-- Recorded data --
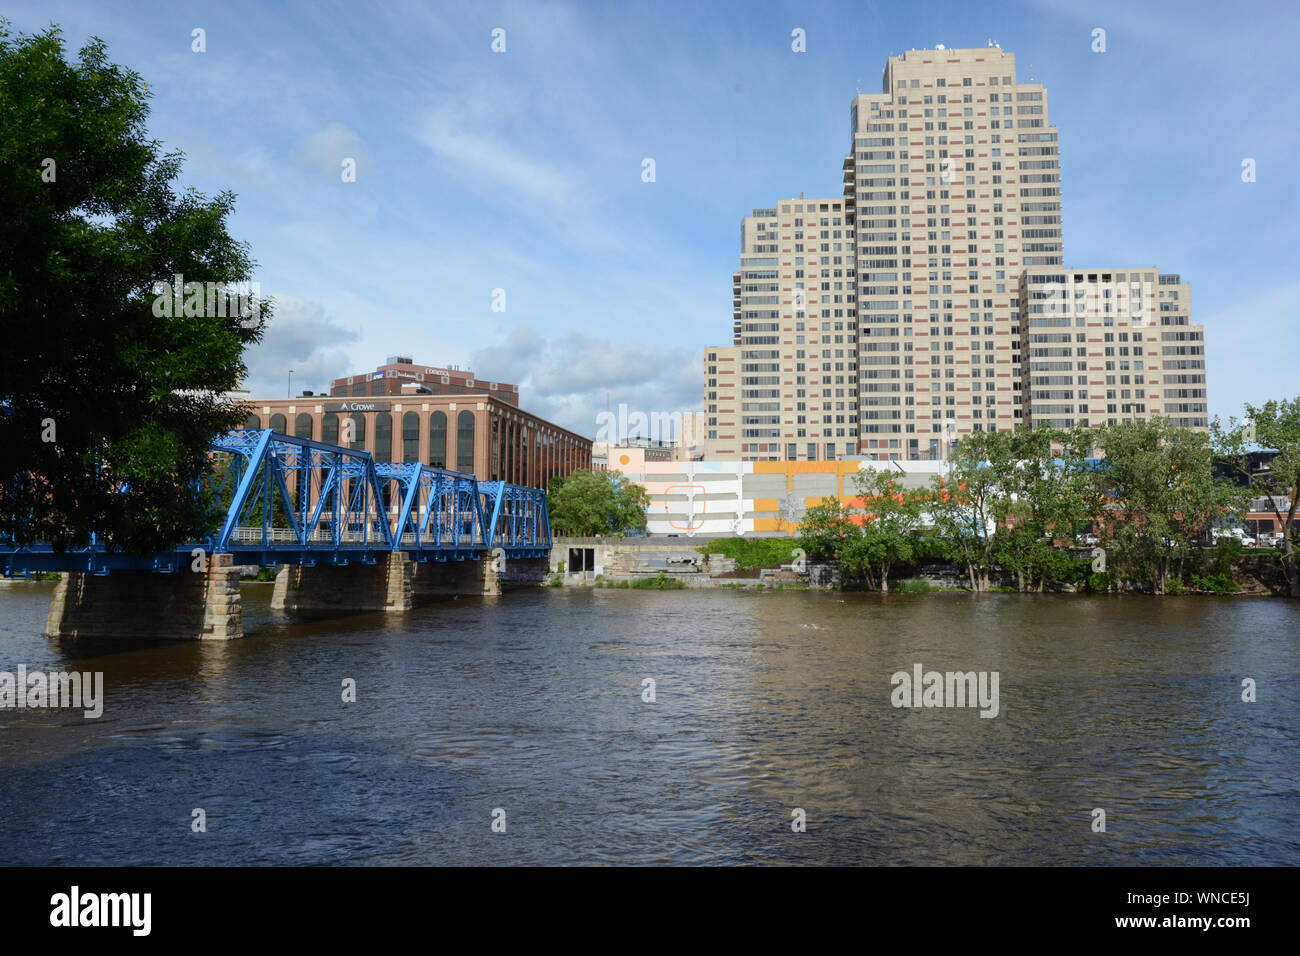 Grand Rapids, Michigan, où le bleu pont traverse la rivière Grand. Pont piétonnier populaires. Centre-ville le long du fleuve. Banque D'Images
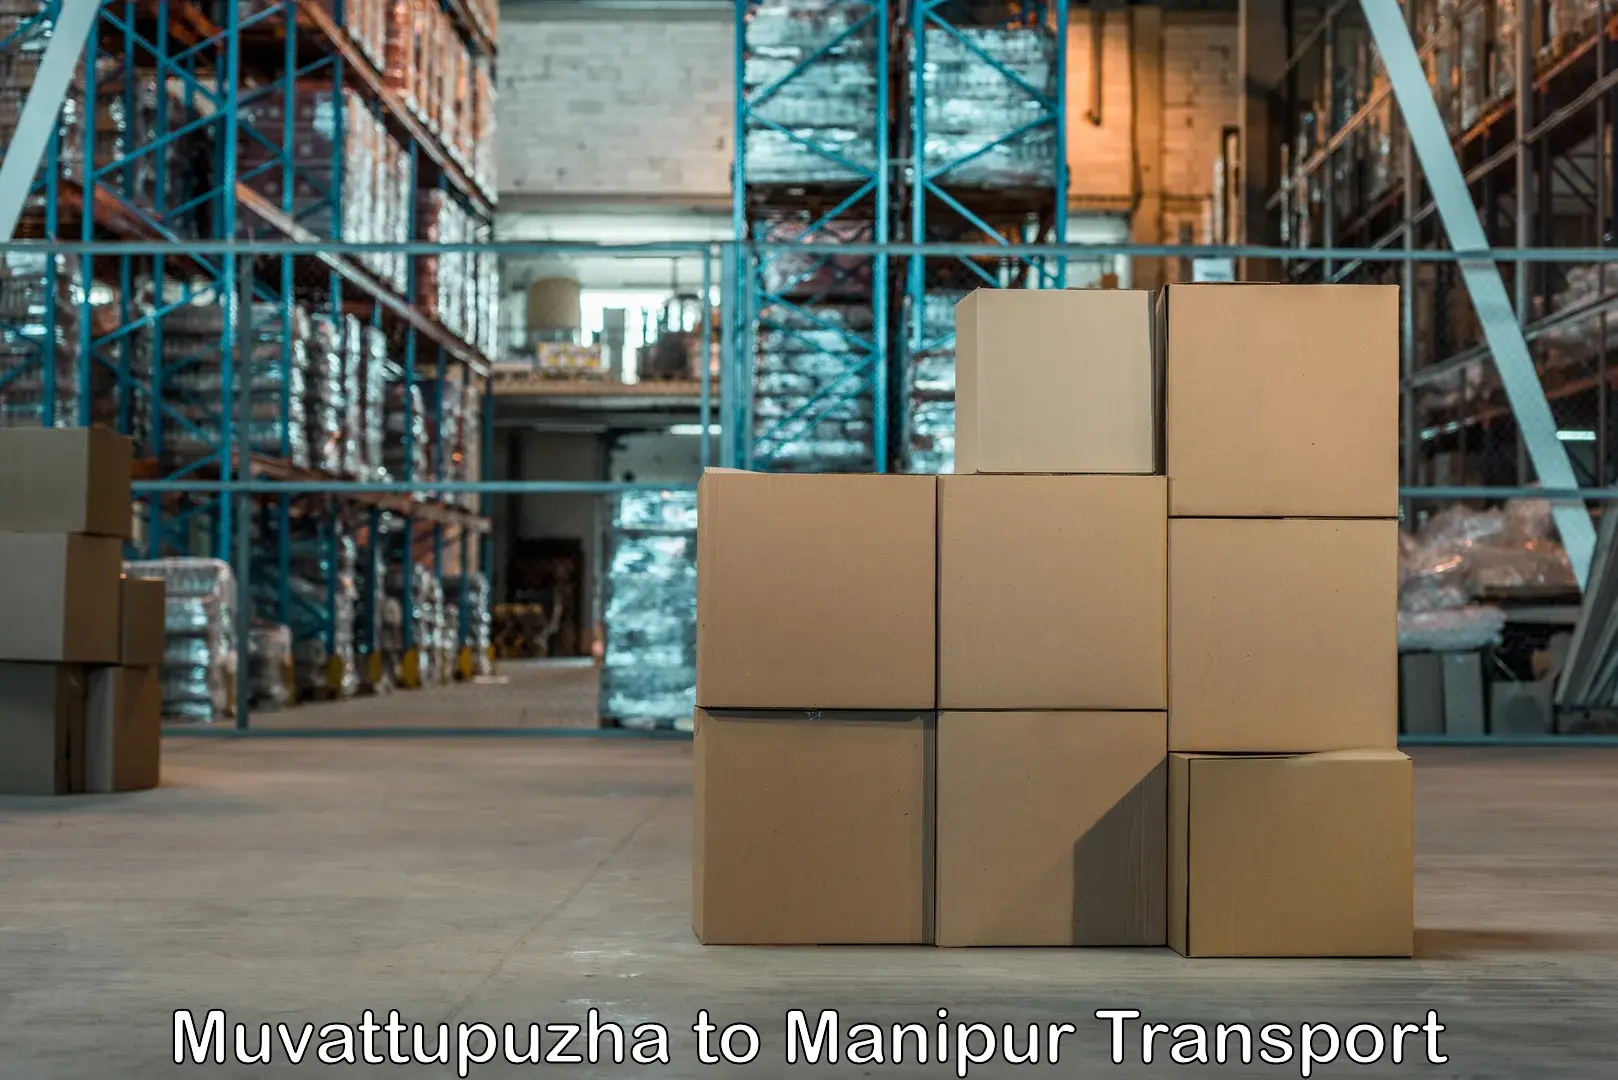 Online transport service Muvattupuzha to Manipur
--
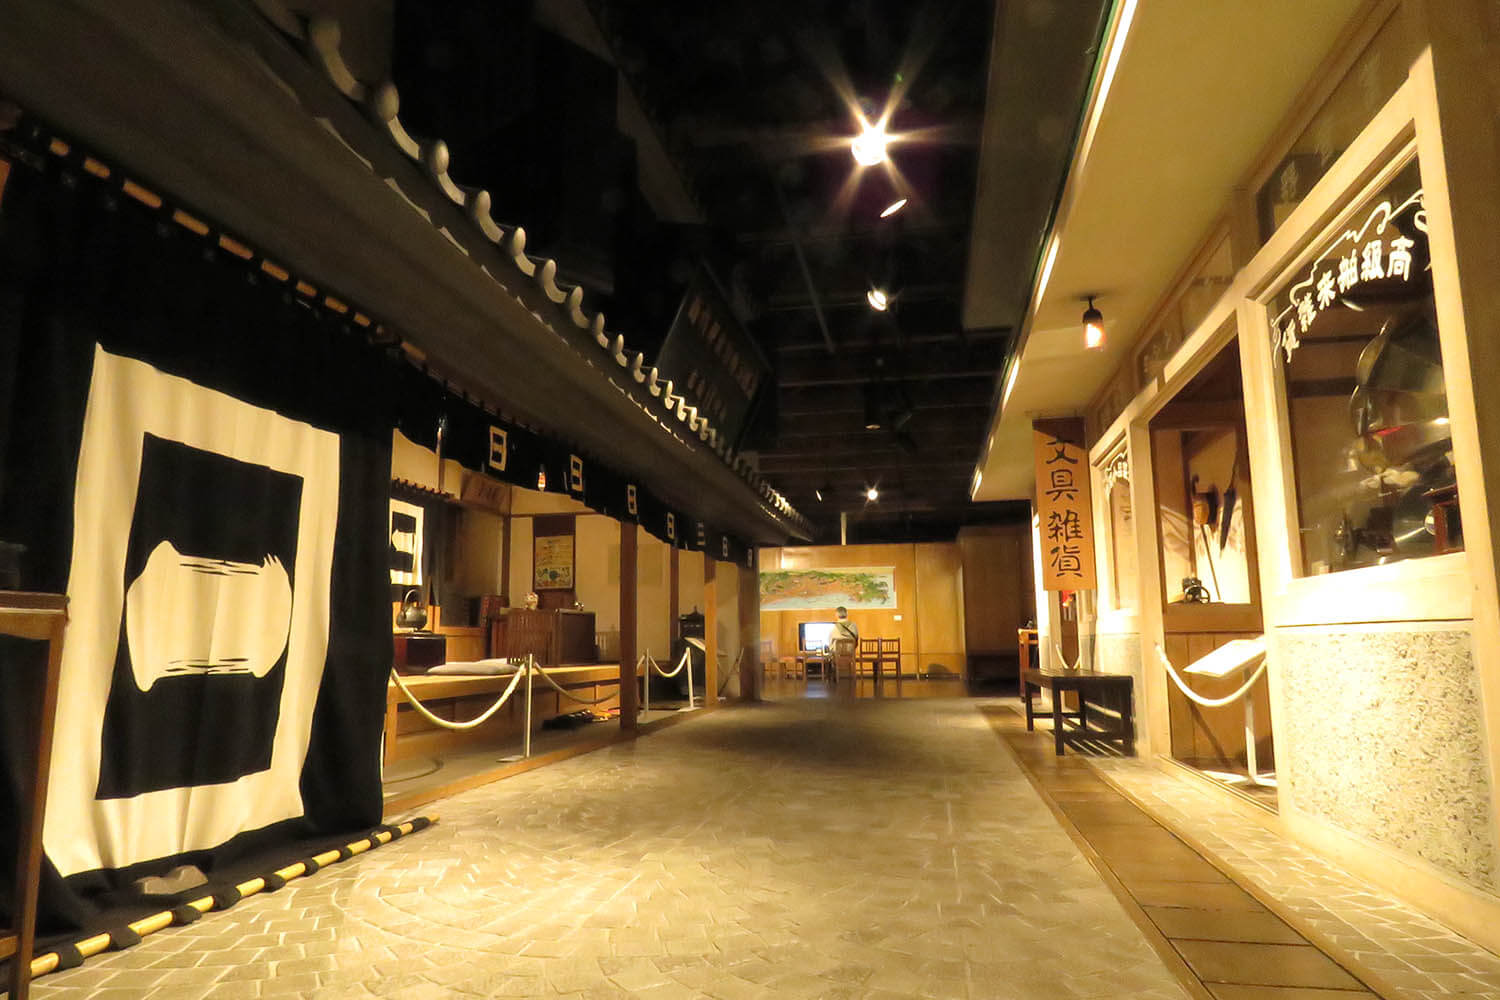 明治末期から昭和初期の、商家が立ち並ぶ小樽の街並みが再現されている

-- Task goal --
Give again the stretch of the entries above that begins at the line with "Grand Rapids, Michigan, où" and ends at the line with "Online transport service", word for word, with no pictures.

-- Solution below --
 Grand Rapids, Michigan, où le bleu pont traverse la rivière Grand. Pont piétonnier populaires. Centre-ville le long du fleuve. Banque D'Images
 Online transport service Muvattupuzha to Manipur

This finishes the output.